Attraverso i canoni proporzionali e descrittivi contenuti nel trattato, che in via prioritaria stabilisce morfologia degli ordini architettonici e origine degli stessi, nonché i relativi rapporti proporzionali sulla corrispondenza alle proporzioni delle membra del corpo umano, gli umanisti hanno estratto tutte le successive teorie sull’ordine cosmico.

Operando in questo modo e assorbendo ulteriori contributi provenienti dalla cultura orientale e di alcune ineludibili scoperte codificate nel basso medioevo, come la sezione aurea o la serie armonica di Fibonaci, “il mosaico dell’ordine cosmico” poteva essere composto.

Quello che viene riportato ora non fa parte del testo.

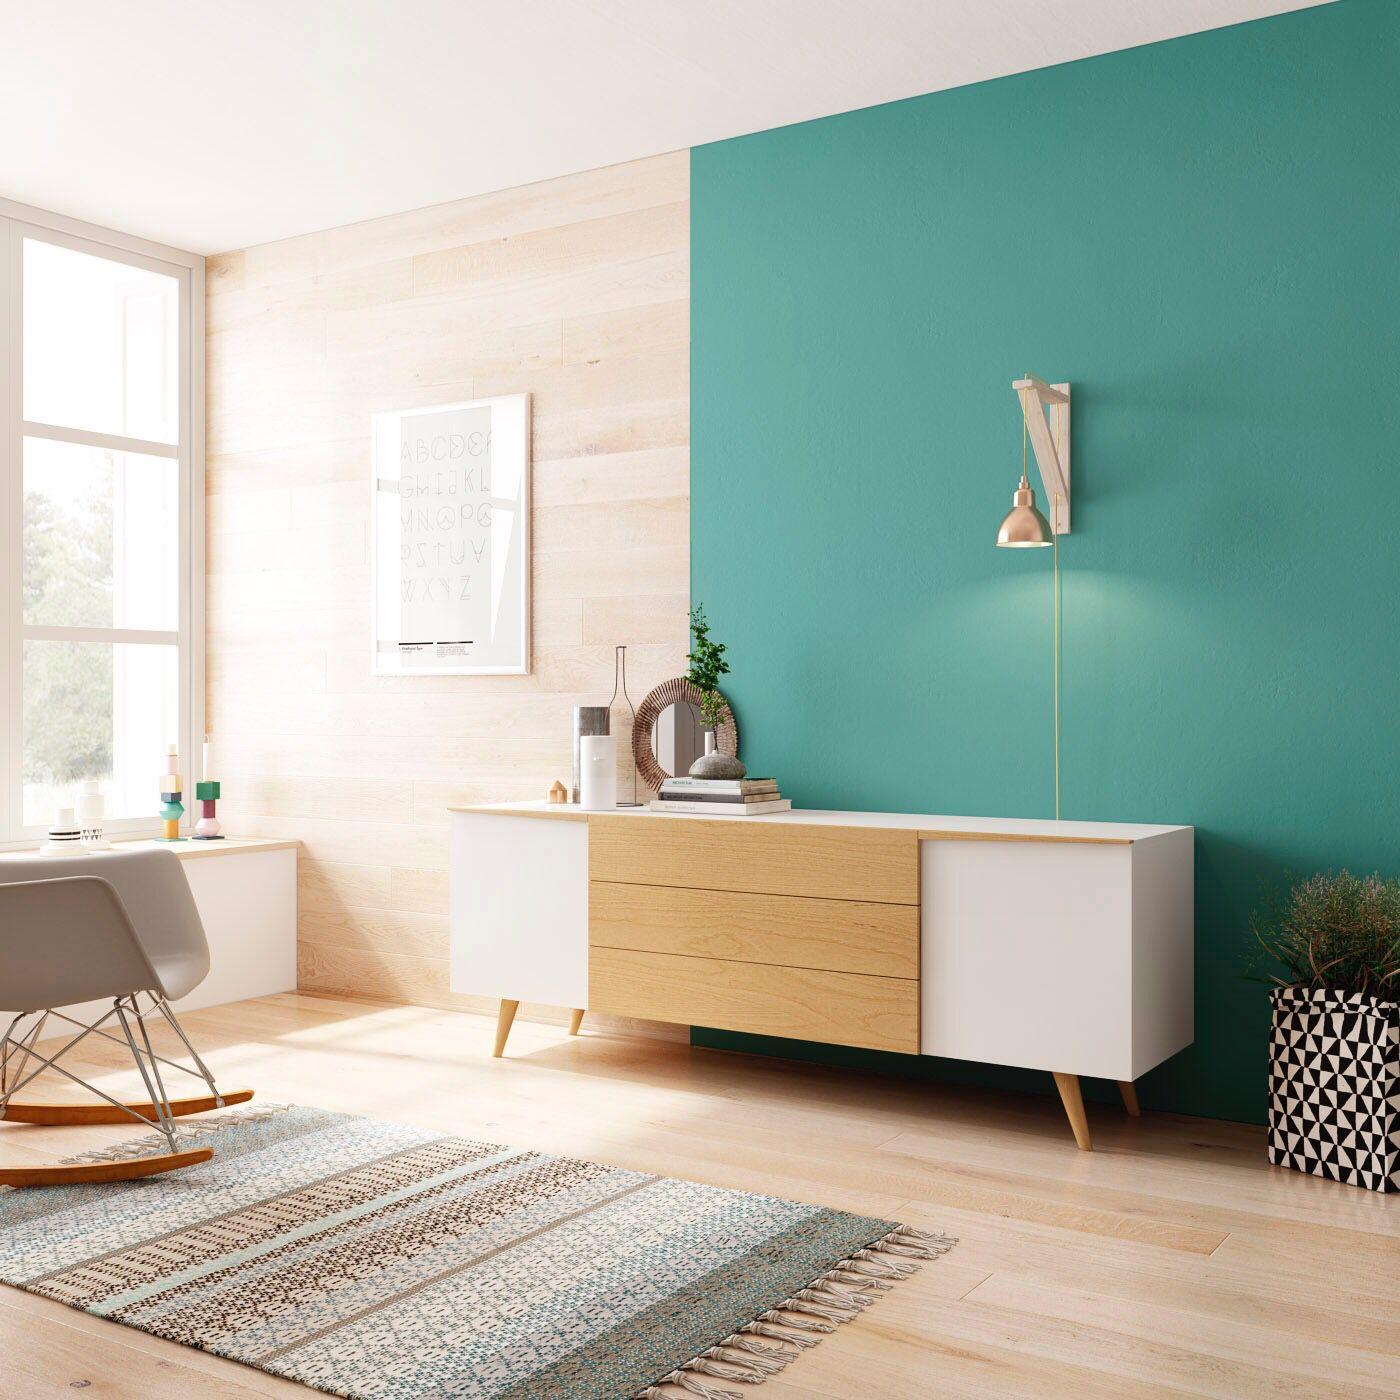 1000+ images about Nordisk design on Pinterest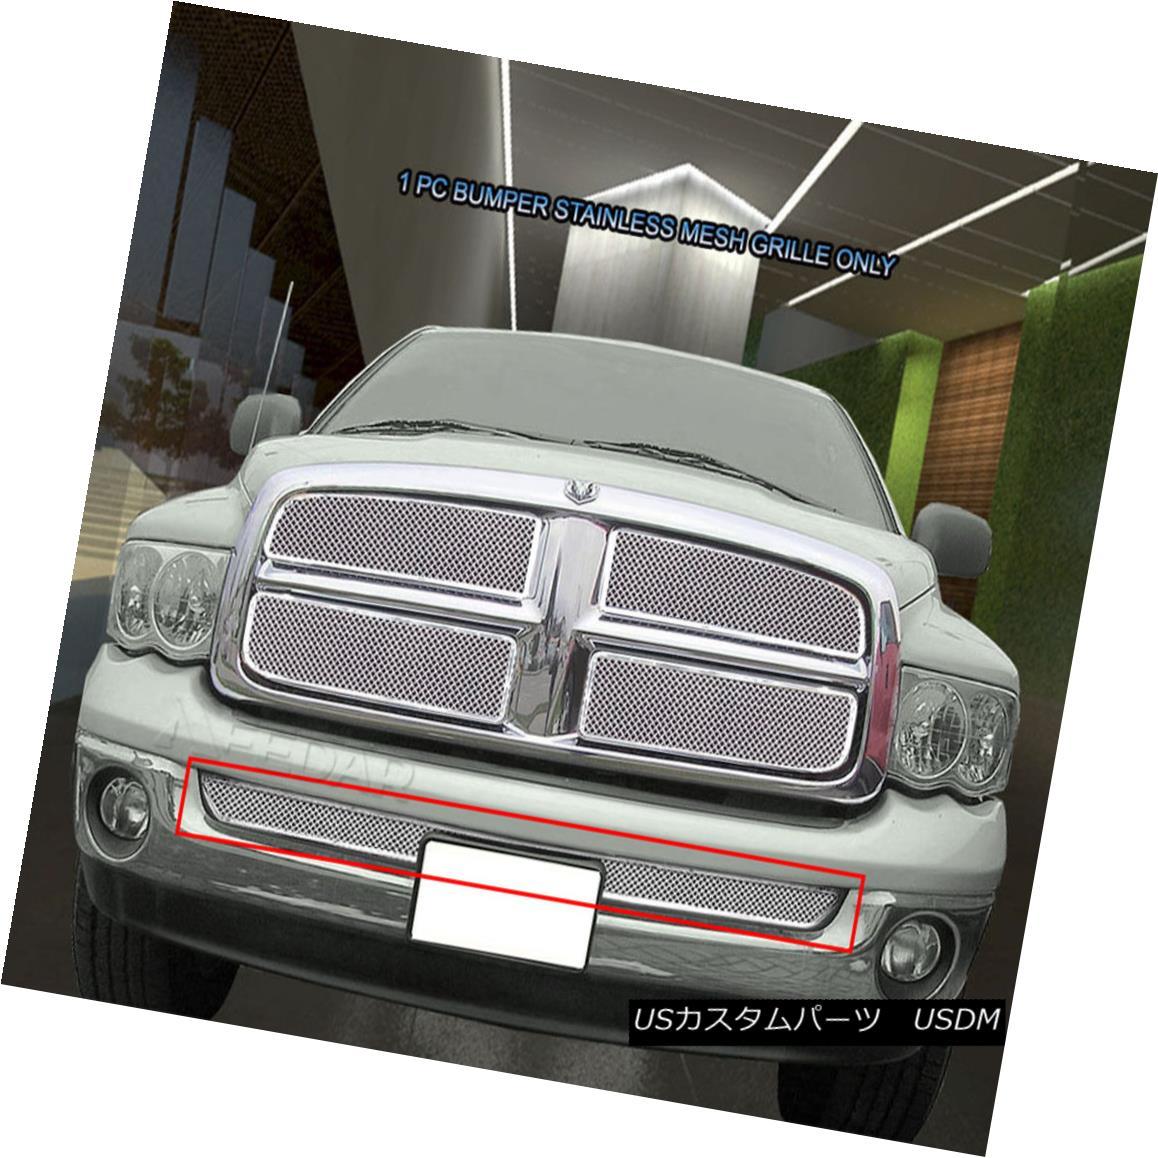 グリル For 02-05 Dodge Ram 1500 2500 3500 Stainless Mesh Grille Grill Bumpe 1 PC Fedar 02-05 Dodge Ram 1500 2500 3500ステンレスメッシュグリルグリルバンプ1 PC Fedar

L’uomo di Vitruvio costituisce una elaborazione teorica e geometrica, nondimeno ideale, nella quale le proporzioni delle membra del corpo si trovano inscritte in una circonferenza e in un quadrato le cui diagonali, unitamente a individuare il cento della forma geometrica, determinano il baricentro ideale, misura proporzionale fra le membra del corpo umano.

Tuttavia la ricerca umanistica di metà XV secolo non si limita a una pura questione proporzionale di grandezze ma anche di intima natura delle cose.

La famosa frase “uomo misura di tutte le cose “, pronunciata da Protagora nel Teeteto, il famoso dialogo di Platone, ripresa poi in epoca rinascimentale, potrebbe dare adito in questo senso a una visione antropocentrica della questione.

In realtà si tratta di una prospettiva, un punto di vista dal quale guardare la realtà, una posizione dalla quale le proporzioni “si danno” come dato originario costitutivo all’uomo, quasi a enunciare una forma di eudaimonia.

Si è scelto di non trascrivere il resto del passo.